だから単純にびっくりしたって言うのと、なんだろう…誰にも言えない秘密ができちゃったなぁ…って思いました。

でも正直なところ、もうあまりよく覚えてないんです。
いえ、そのこと自体は覚えてます。むしろはっきりと。
だけど、その時自分がどういう気持ちだったかは…もうあまり。

これはさすがに普通じゃない…?
そうですよね。私もそう思います。

でも、あの家ではそれが普通だったみたいです。

それからはほぼ毎日のように。

どんなことを?
って言われても…みんながどんな風にしてるか分からないので、あくまで私の話、ですけど…。

ただ…ひとつ思うのは、男の人ってどうしてこうも…競い合うのかなぁっていう風には思ってました。
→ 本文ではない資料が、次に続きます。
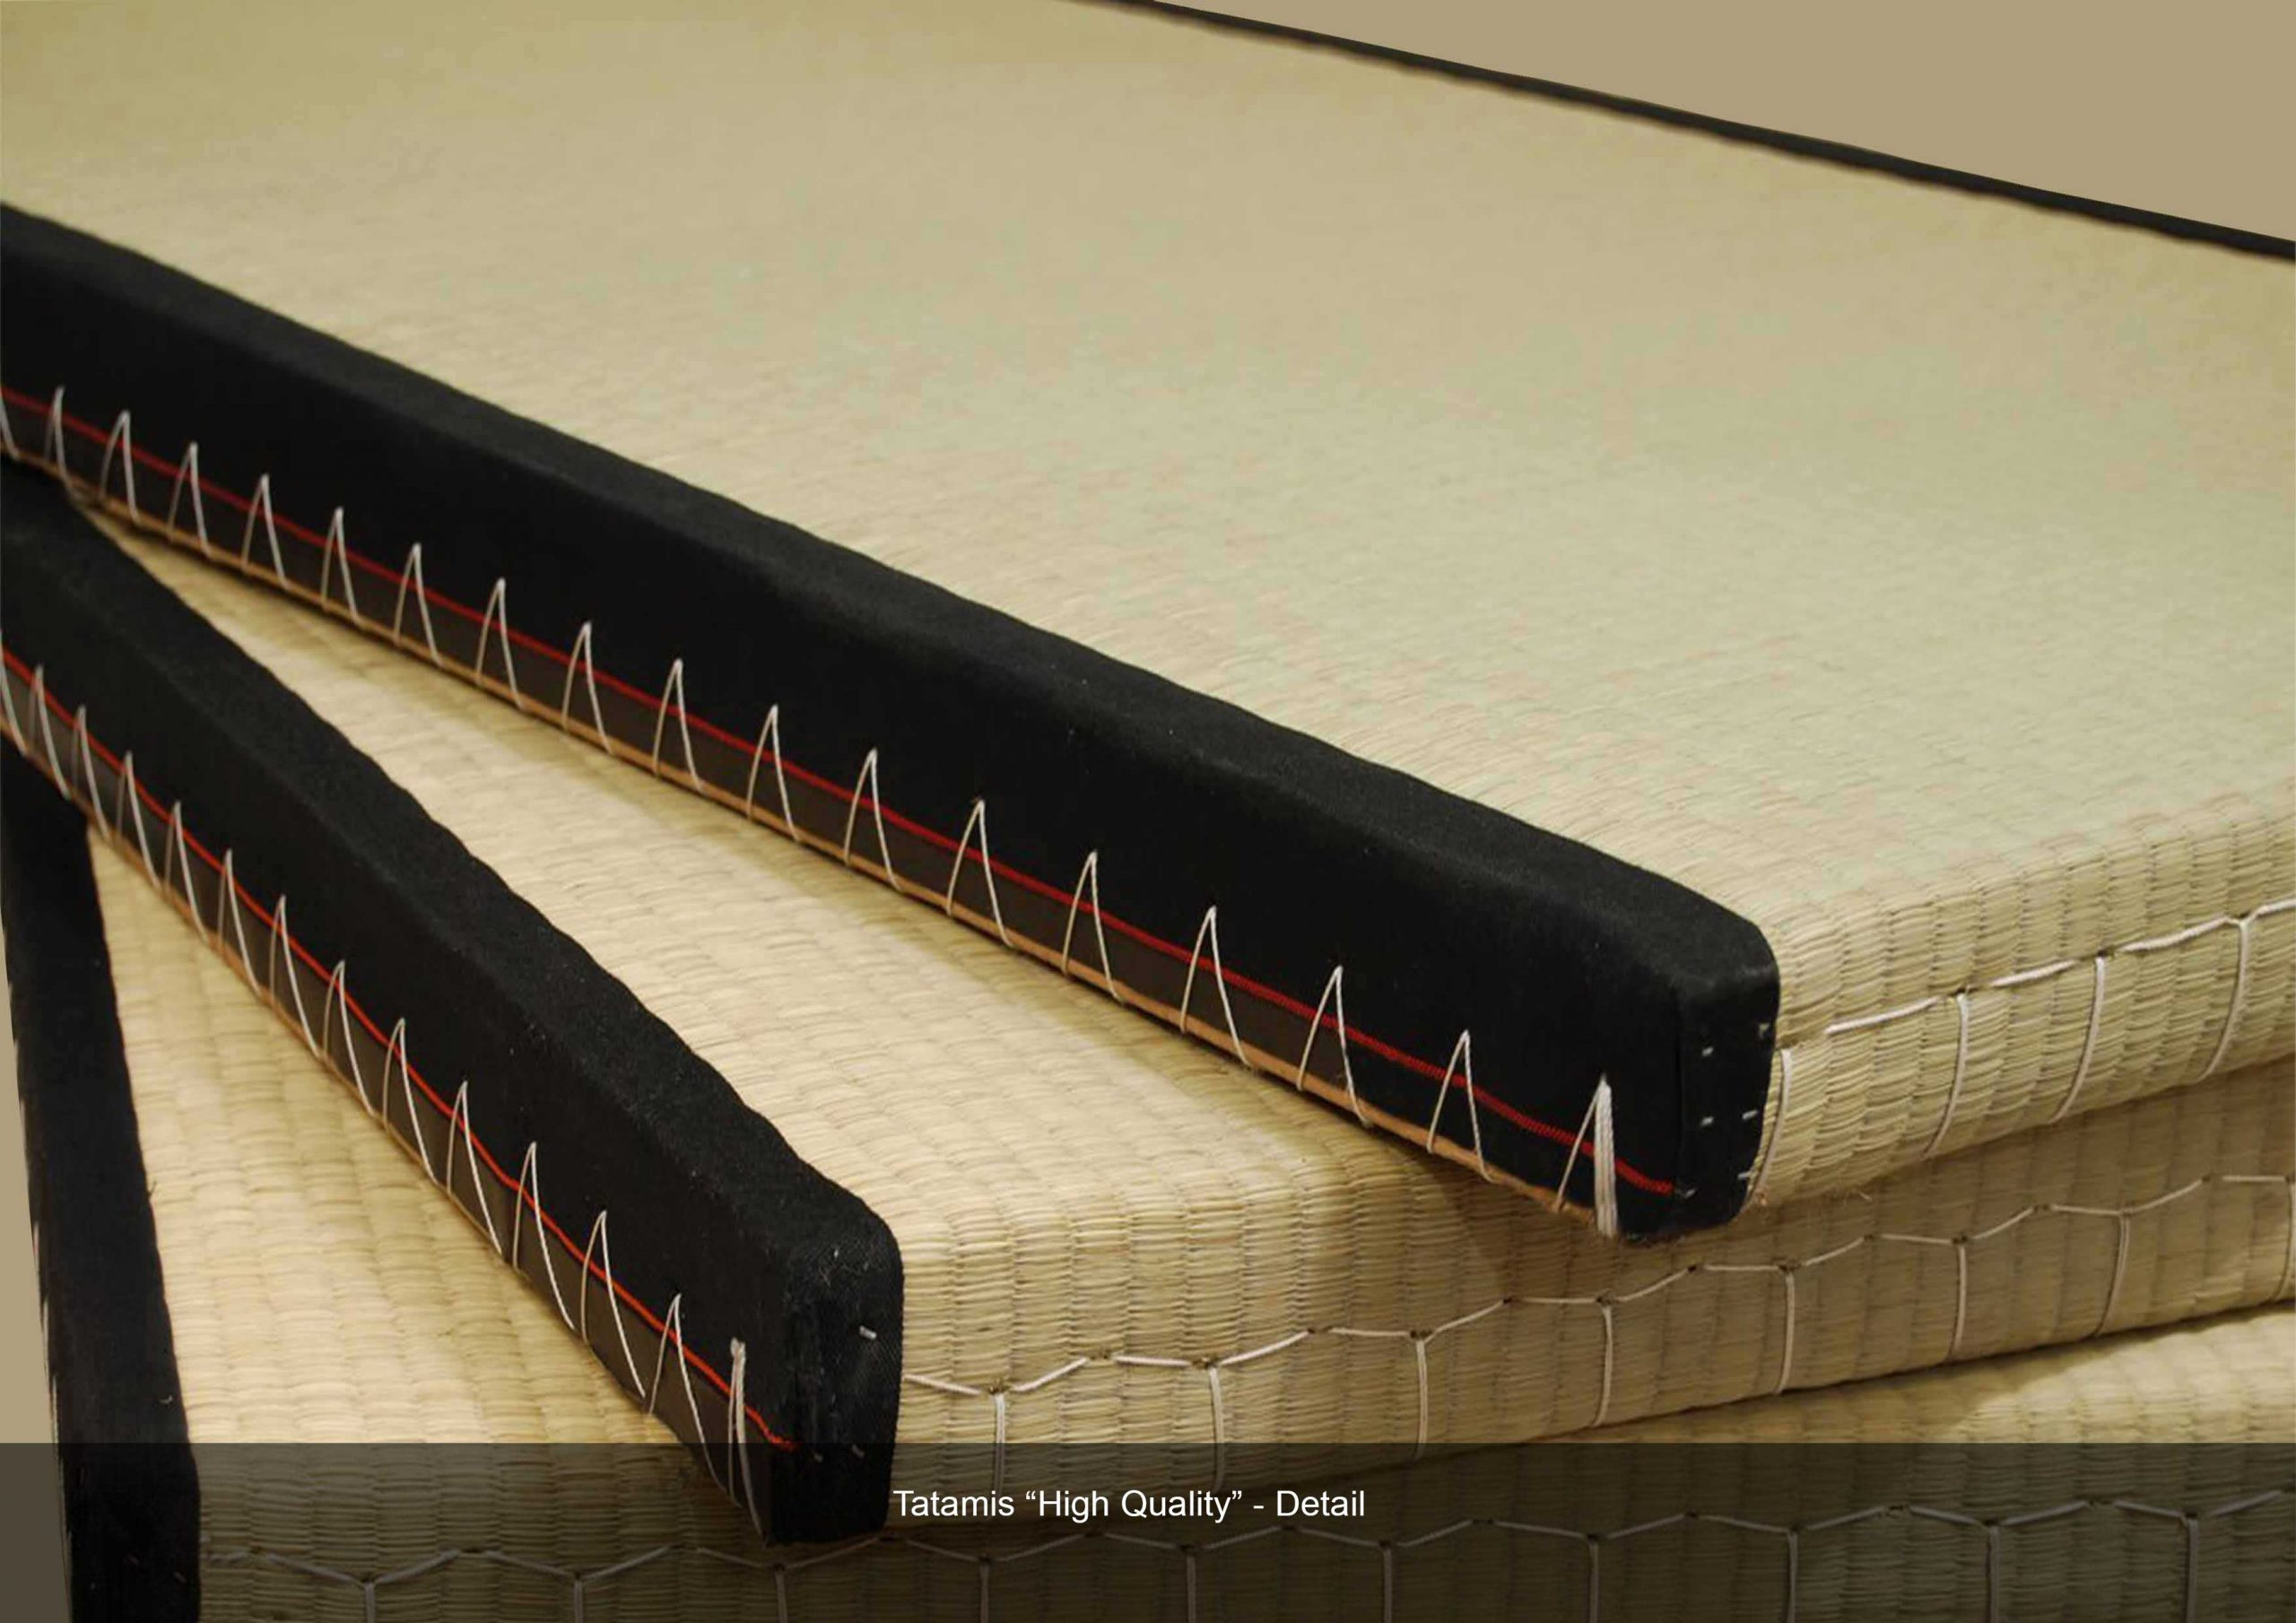 Tatami High Quality Detail

そうなんです。なんでそこにこだわるんだろう?みたいな。

でもだんだん、私もそれが普通じゃないどころか、異常であることは何となく…え?気づくのが遅いって?すいません…。

いやいや、ありますよ。
逃げ出そうと思ったことなら数え切れないくらい。
実際に逃げ出したことは一度…だったかな。
でも失敗しちゃいました。

あの時は、とにかく毎日必死でしたね。
周りというより…自分の中での葛藤が。

なんか自分であって自分じゃないような感覚っていうか。
こんなのは私じゃない、って思い込むようにしてて。
でも、途中で気づいたんです。
やっぱり自分は自分でしかないんだなってことに。

時間は巻き戻せないから、もうどうやっても元の私に戻ることはできないんですよね。

パパとママが戻って来ないことと同じです。

その歳でたっかん…してる?
たっかん…達観?
難しい言葉ですね。
でも、そうなのかもしれないです。

少なくとも、それまでの私は何も知らなかったですから。
世の中のことも、他人の感情も。
悪い人なんてこの世に居ないと思ってましたし。
ニュースの中の出来事だ、ってどこかで思ってたんですよね。

人がどんなことで傷ついたり、傷つけたりするか、全く知らない世界で生きていました。

自分がそうなって、初めて分かったことばかりです。